Gone are the days for display advertising that can be seen in periodicals since performance ad network and performance advertising are now available. In performance advertising, other means of electronic media aside from the Internet is used. Regardless of what kind, let us share with you the different pricing models used for performance advertising.
- CPM (Cost Per Mile, or Cost Per Thousand)
This is a kind of pricing model wherein performance advertising is charged for impressions. An example is how many times a person or a group of people have viewed the advertisement.
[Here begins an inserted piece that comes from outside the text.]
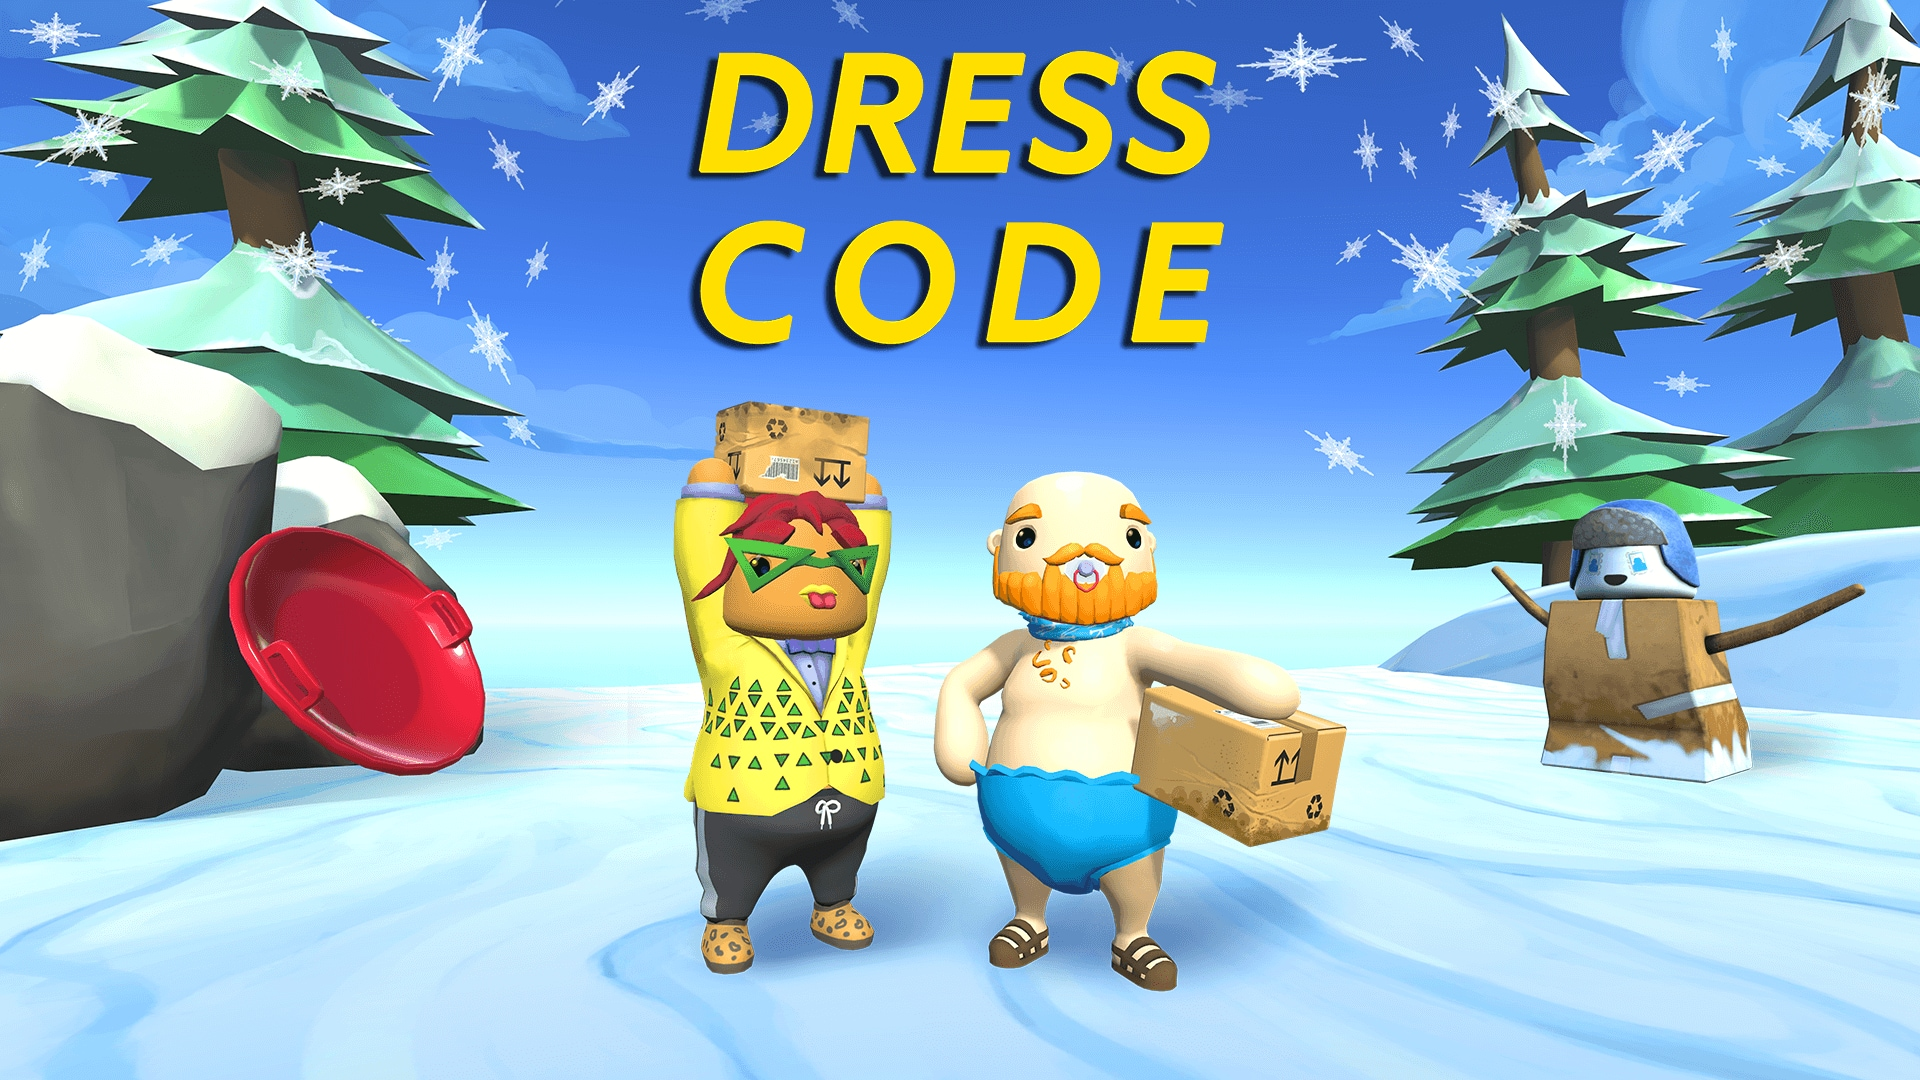 Totally Reliable Delivery Service - Dress Code | WW (e60c7349-f468-40cf-8526-f1e93de90a36)

On the other hand, the glitch of CPM advertising in the world of performance advertising is that the advertisers are still charged. It applies whether or not the target audience has clicked on the advertisement.
- CPC (Cost-Per-Click)
This is the exact opposite of CPM. This is because CPC advertising only charges advertisers once the end-user clicks the advertisement. Since the competition has become tougher, the search keywords used can be very expensive.
According to a 2007 Doubleclick Performic Search, the report shows that there are almost six times as many keywords on every cost per click (CPC). As of January 2007, it is more than $1 compared to the previous year. As a matter of fact, there is an increase in the cost per keyword by 33%. On the other hand, the cost per click also got bigger by 55%.
- CPL (Cost per Lead)
In this kind of performance advertising, the advertisers only pay for the qualified leads. This means that regardless of the clicks or impressions that are generated by the lead, they still get compensated for their work. CPL advertising is also known as online lead generation.
In performance advertising, the pricing model is the most advertisers friendly. According to the latest research done by IBM, it shows that two-thirds of the senior marketers are anticipating 20 percent of ad revenue.